Generic pharmaceutical developer and distributor scaling manufacturing and quality operations
Nivagen acquires and co-develops generic drugs for North America, with a 15-person manufacturing core handling analytical chemistry (LC-MS, GC-MS, ICP-MS), process validation, and sterile injectable formulation. Current hiring skews heavily manufacturing and quality (18 of 29 open roles) — reflecting simultaneous site validation, method development, and CAPA program execution. The stack is industrial-grade (SAP, SCADA, PLC, Chromeleon) but the pain list (CGMP compliance, extractables/leachables, production timelines) signals operational friction across scale-up.
Notable leadership hires: Manufacturing Head, Validation Director, Quality Control Director
Nivagen develops, acquires, and markets generic prescription and over-the-counter drugs for North American distribution. Founded in 2009 and based in Sacramento, the company operates on a partnership model — co-developing products with contract research organizations, acquiring established formulations, and providing marketing and sales infrastructure for small FDA-qualified manufacturers entering the US market. The business targets the $60B+ generic prescription market, with roughly $120B in drugs approaching patent expiration over the next decade. Manufacturing operations span analytical method validation (chromatography and mass spectrometry), sterile dosage form development, and site validation across global FDA-approved facilities.
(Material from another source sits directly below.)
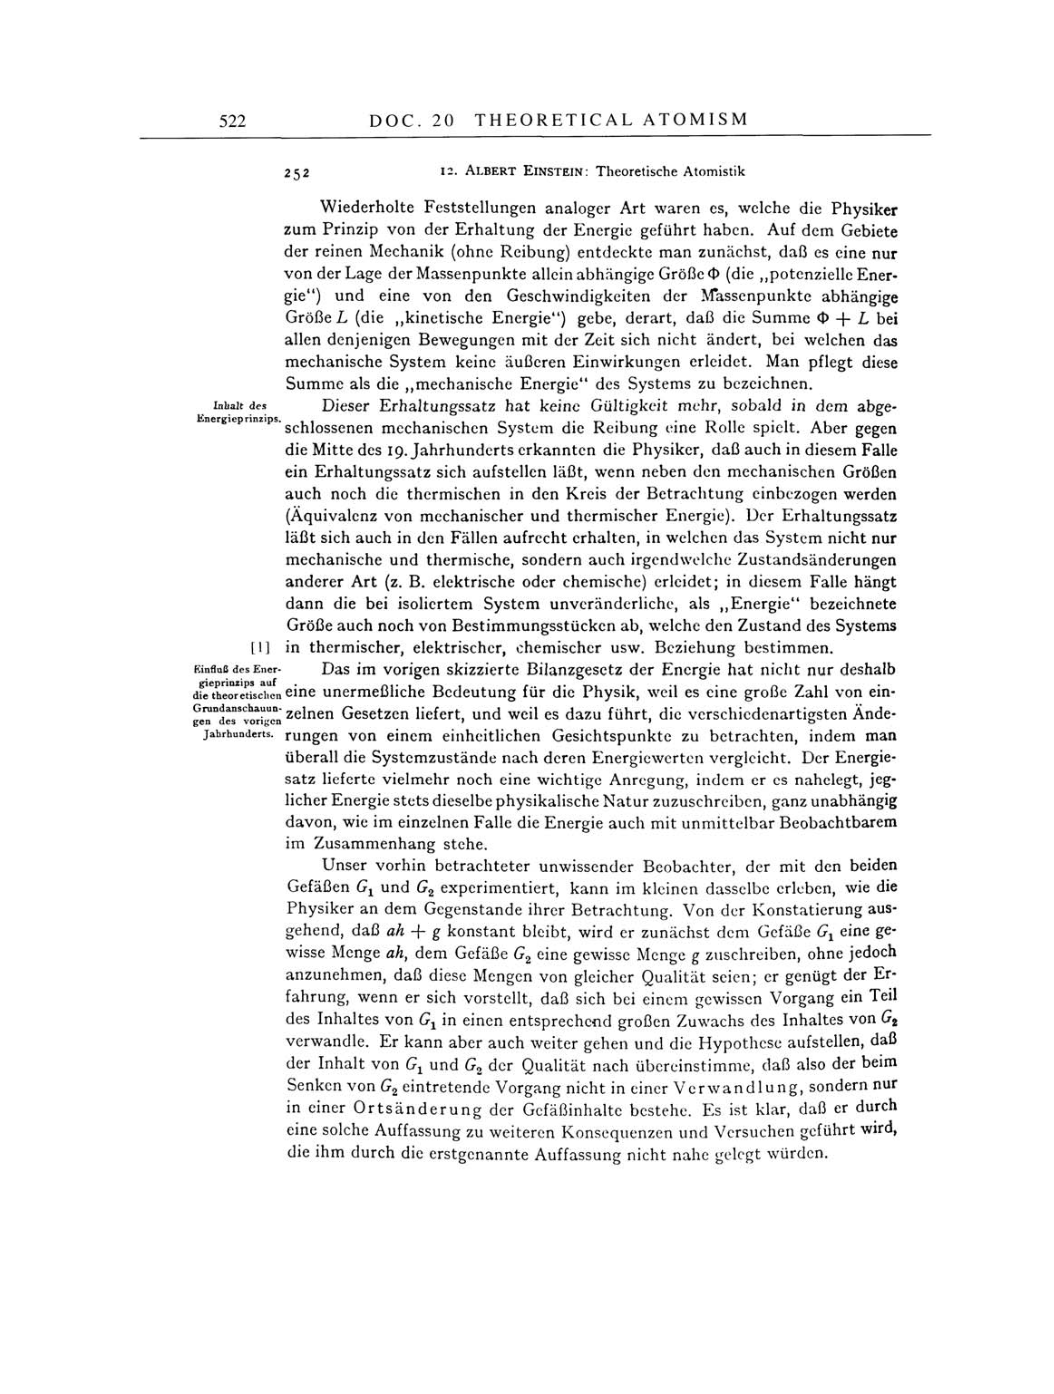 Volume 4: The Swiss Years: Writings 1912-1914 page 522

Nivagen acquires and co-develops generic drugs, provides sales and marketing services, and partners with contract manufacturers to bring products to the North American market. The company also offers turnkey solutions for small FDA-qualified manufacturers launching in the US.
Manufacturing and quality operations run on SAP, SCADA/PLC/HMI systems, Chromeleon (chromatography data), and multi-modal analytical instruments: LC-MS, GC-MS, ICP-MS, and LC-MS/MS for raw material and finished product characterization.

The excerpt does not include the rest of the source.